Exercise prompt: Pictures are to be dropped. Everything else in the listing gets copied exactly.

Available data:
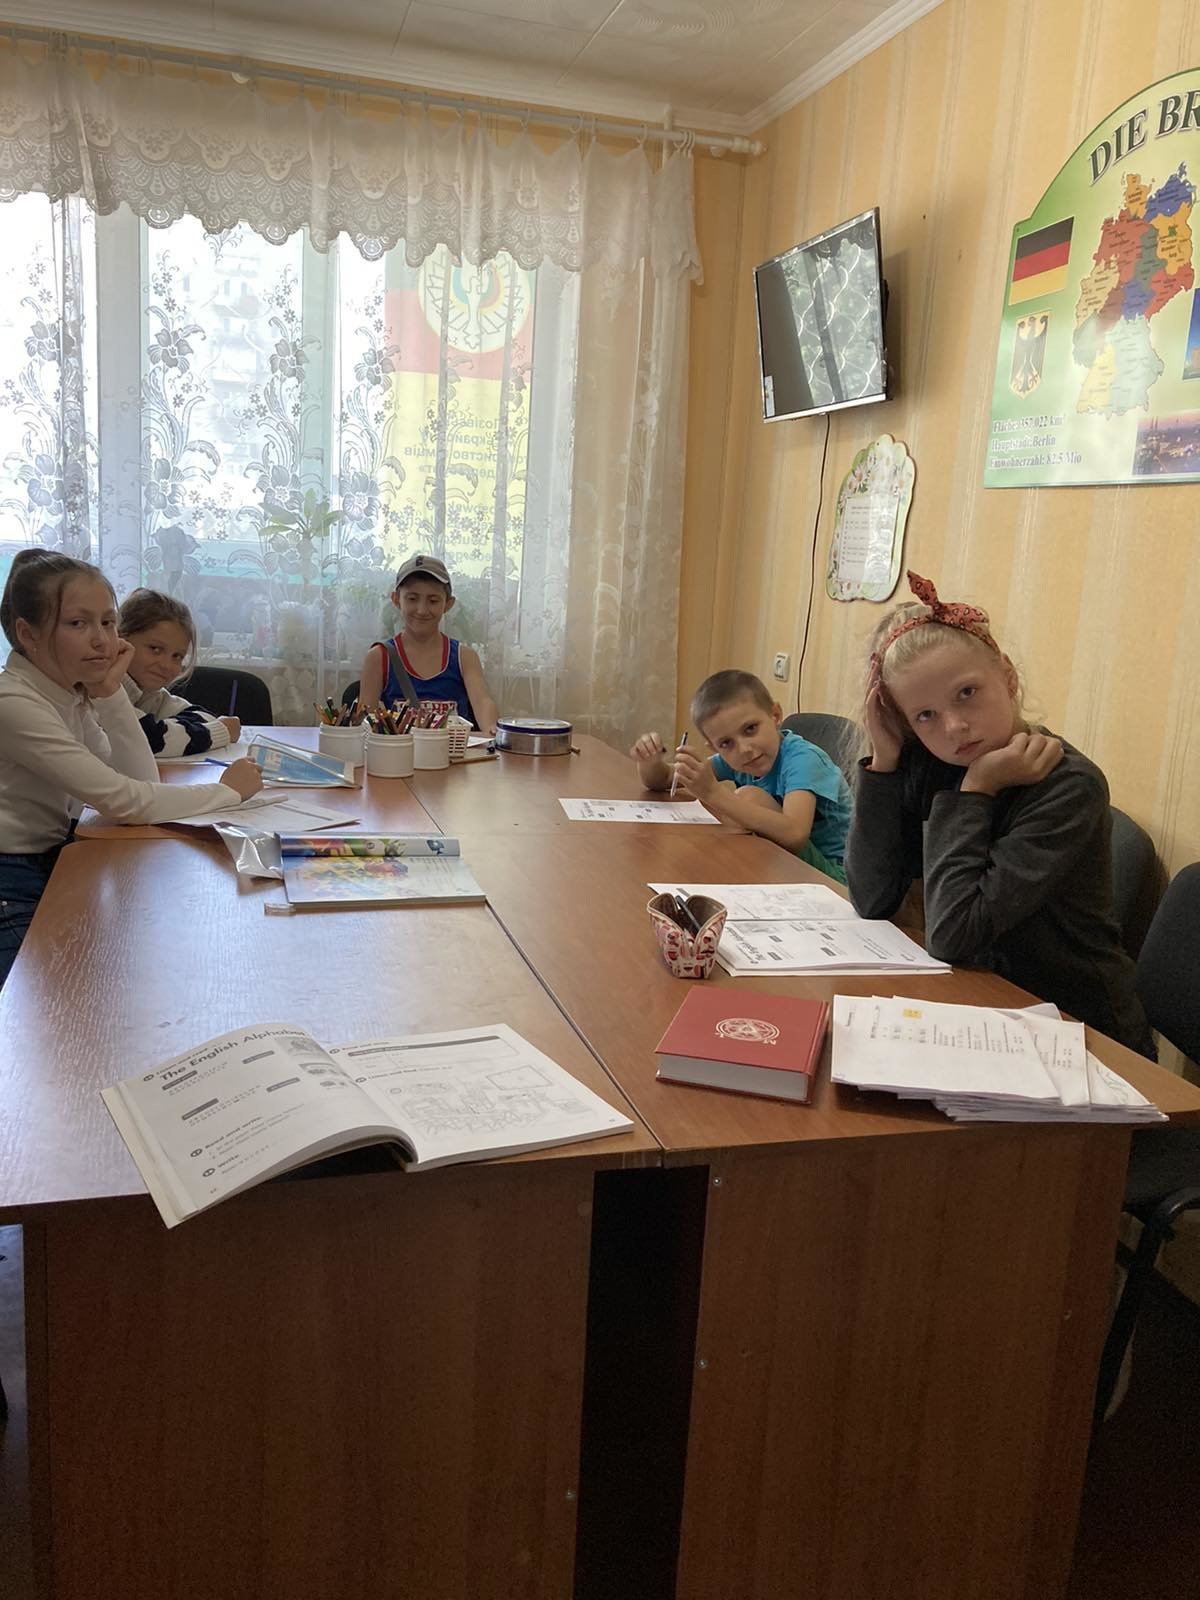 Развитие ребенка в Лозовой, помимо школы и детсада, фото-91
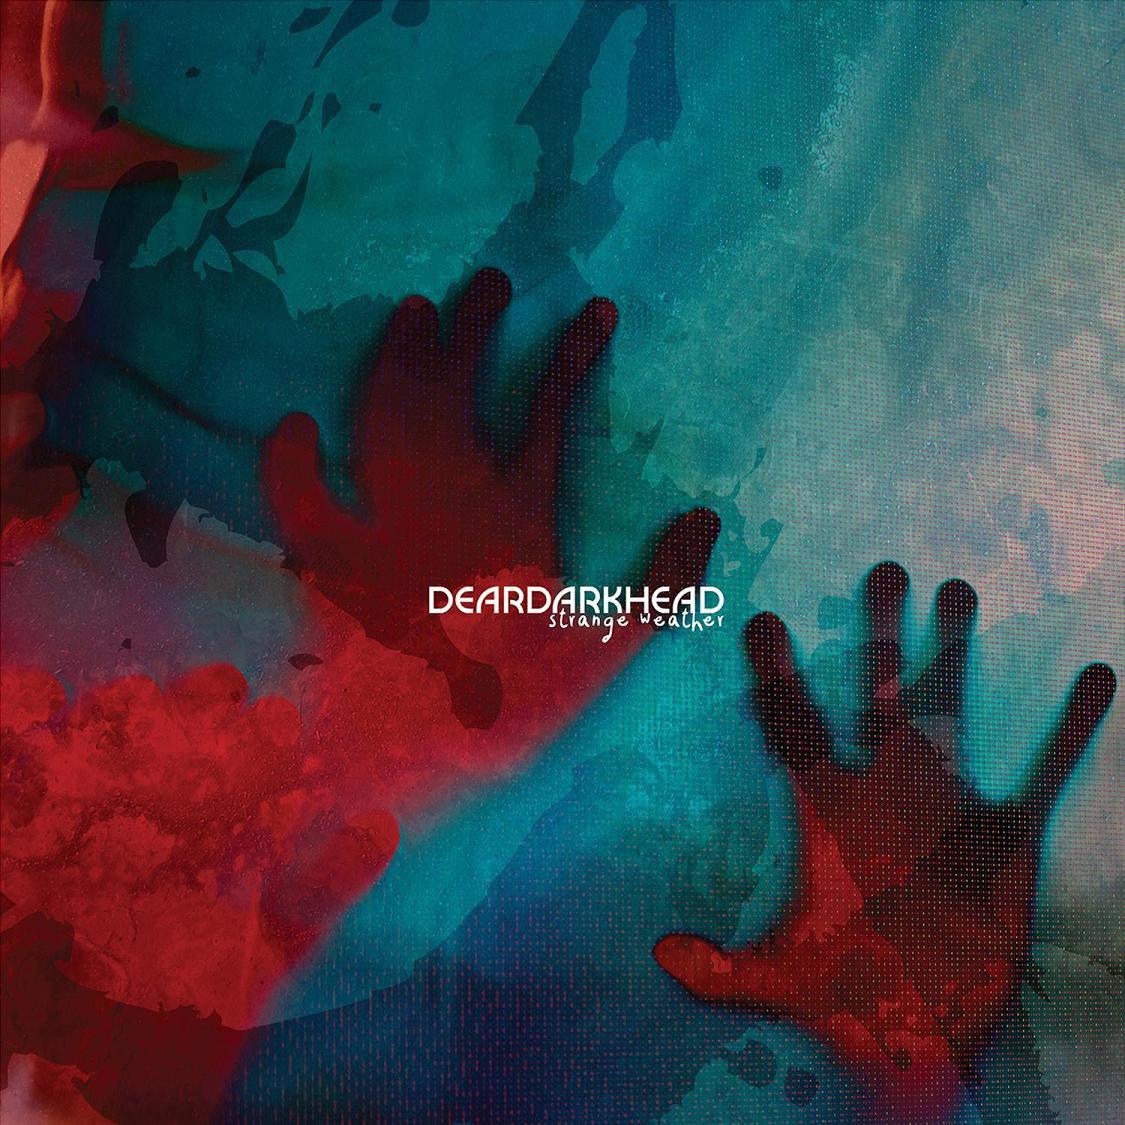 DEARDARKHEAD - STRANGE WEATHER (BLK) (GATE) (LTD) (DLCD)
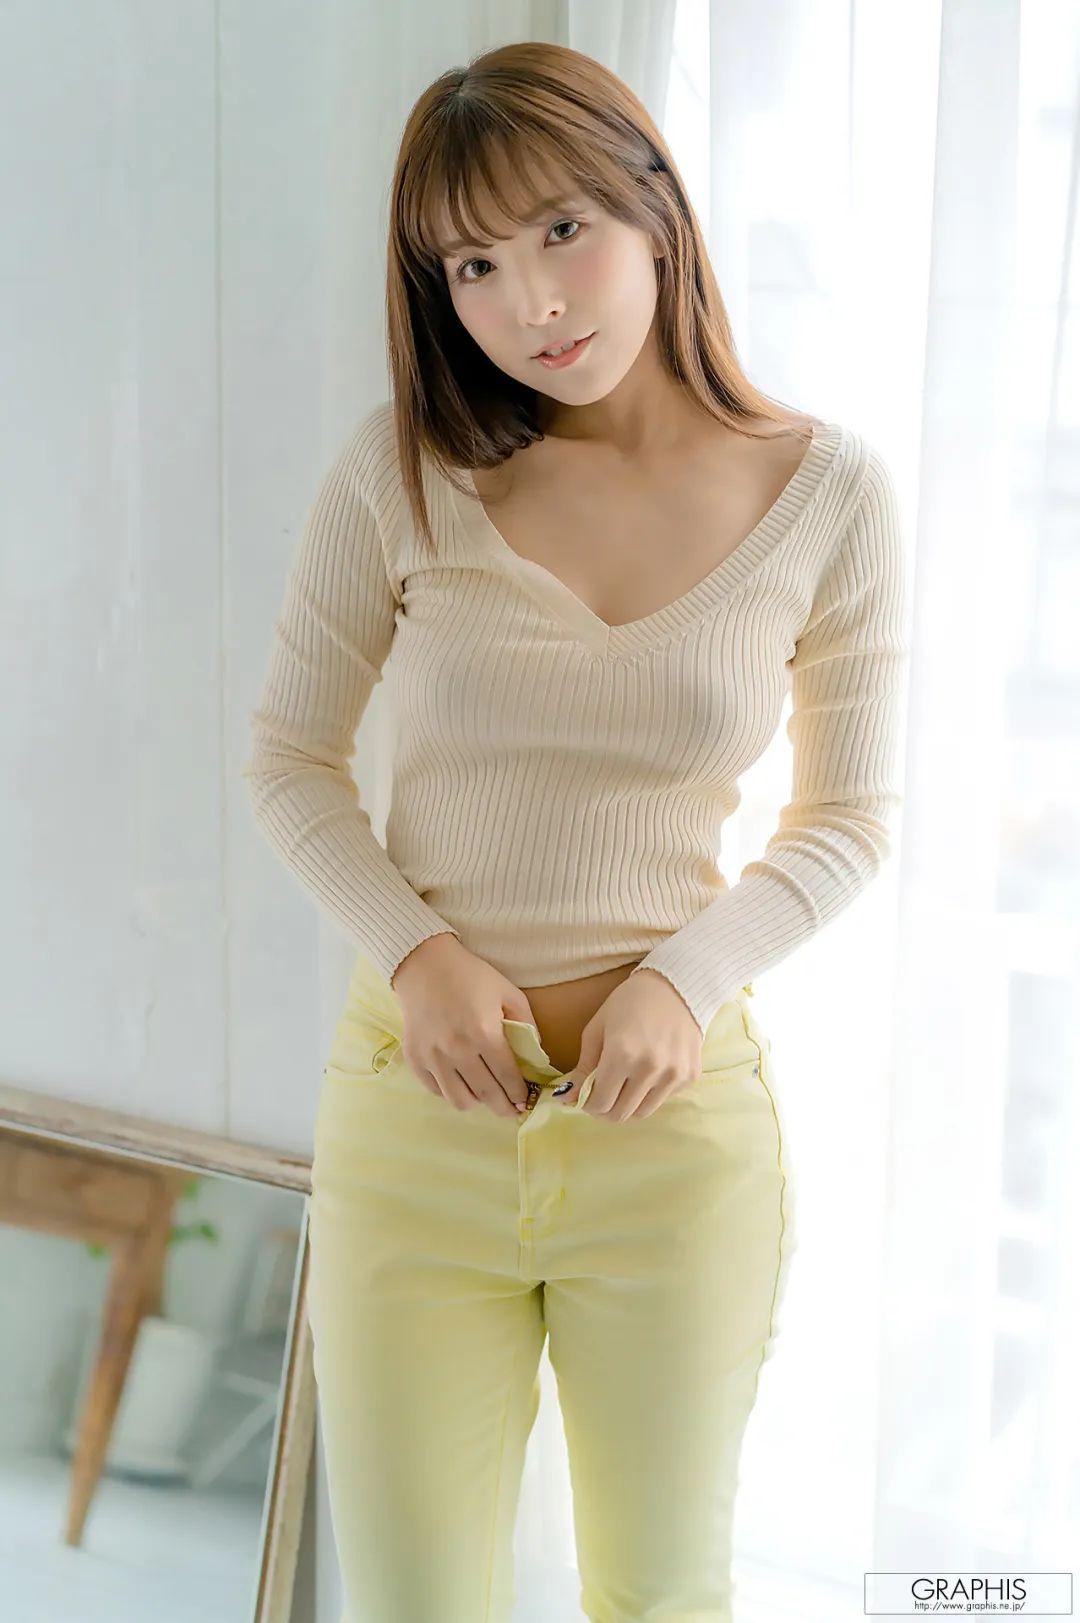 写真 – 27岁的三上悠亚!美如公主_图片 No.7
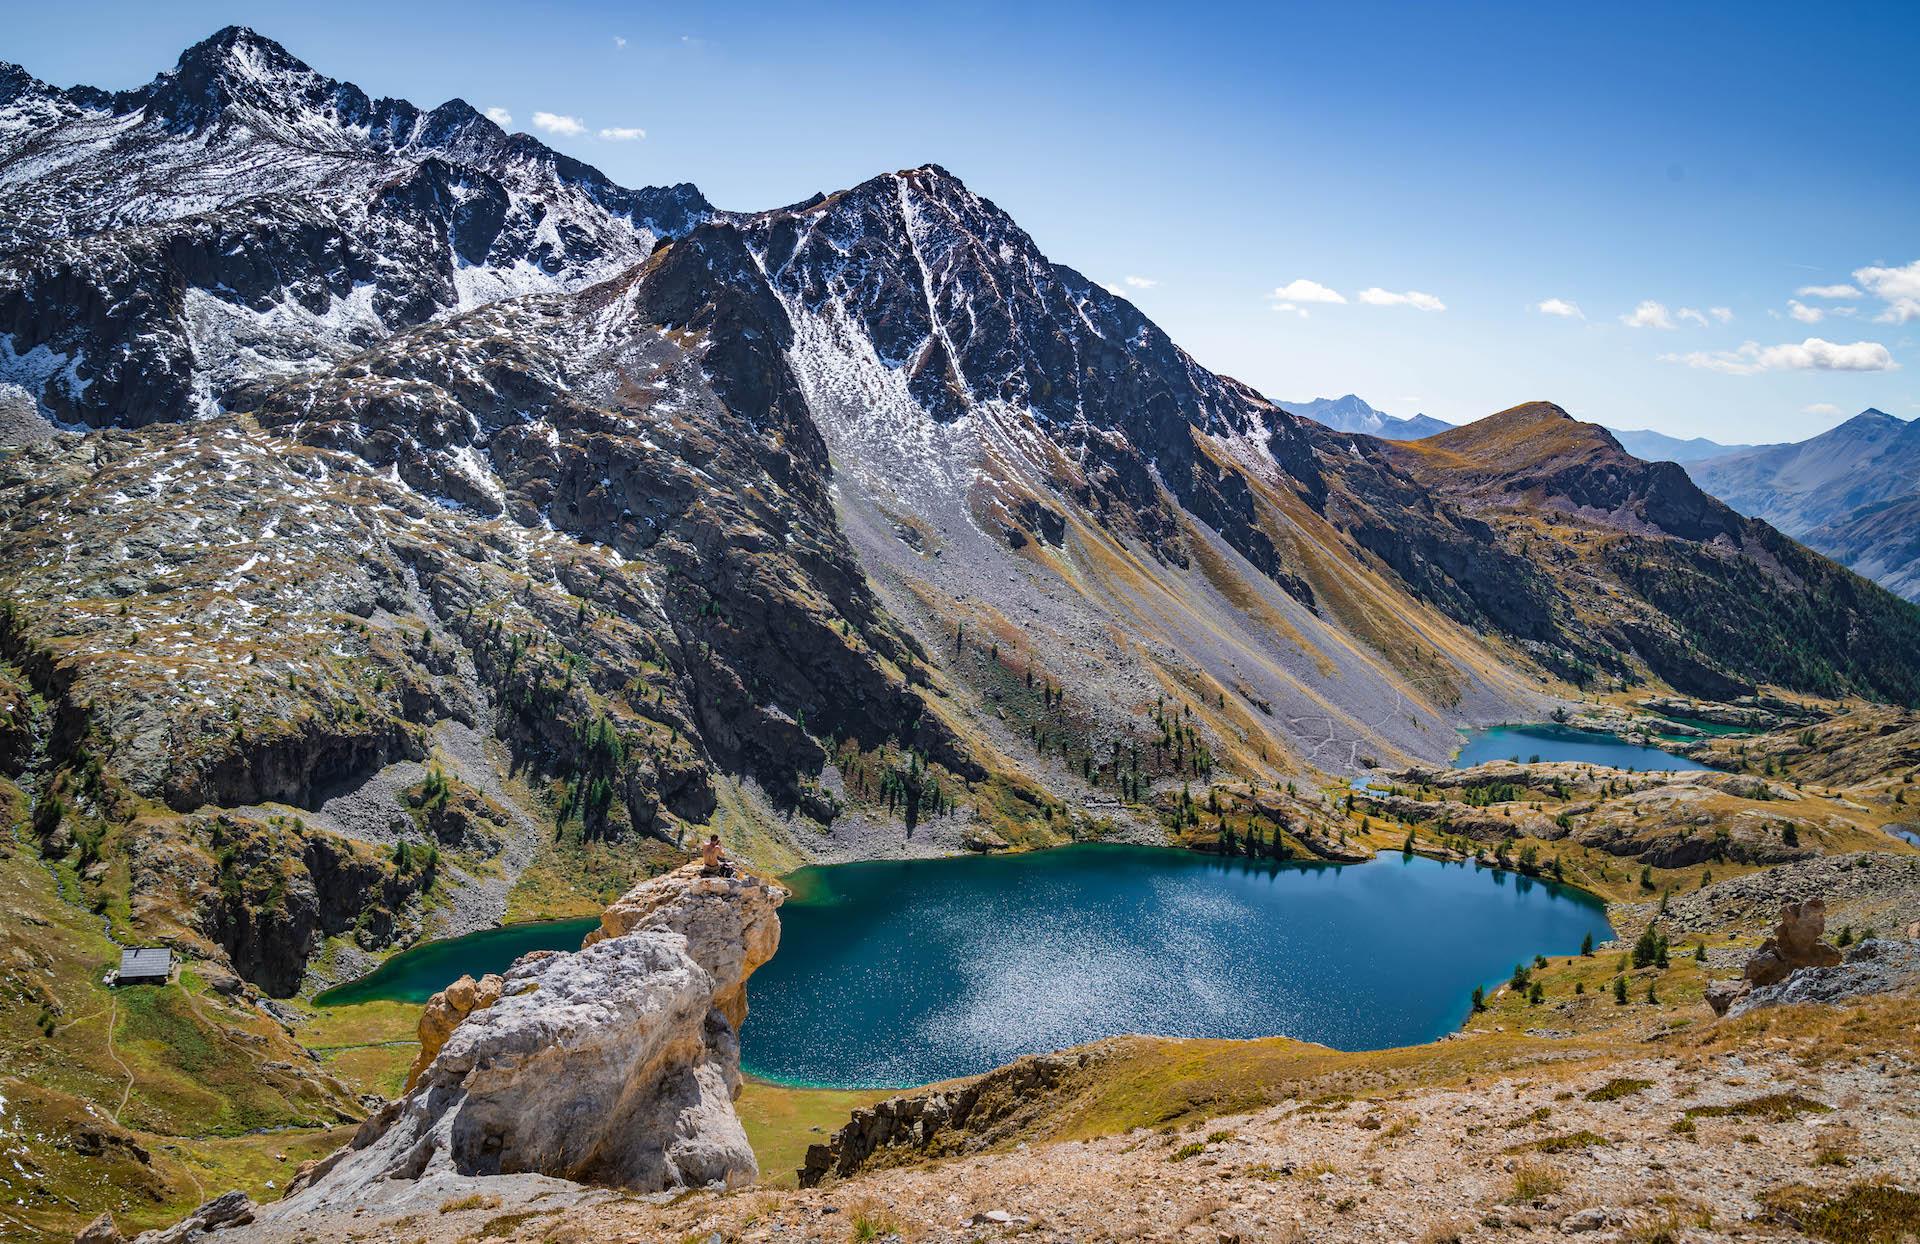 Lacs de Vens - Département des Alpes-Maritimes

Written answer:
 Развитие ребенка в Лозовой, помимо школы и детсада, фото-91
 DEARDARKHEAD - STRANGE WEATHER (BLK) (GATE) (LTD) (DLCD)
 写真 – 27岁的三上悠亚!美如公主_图片 No.7
 Lacs de Vens - Département des Alpes-Maritimes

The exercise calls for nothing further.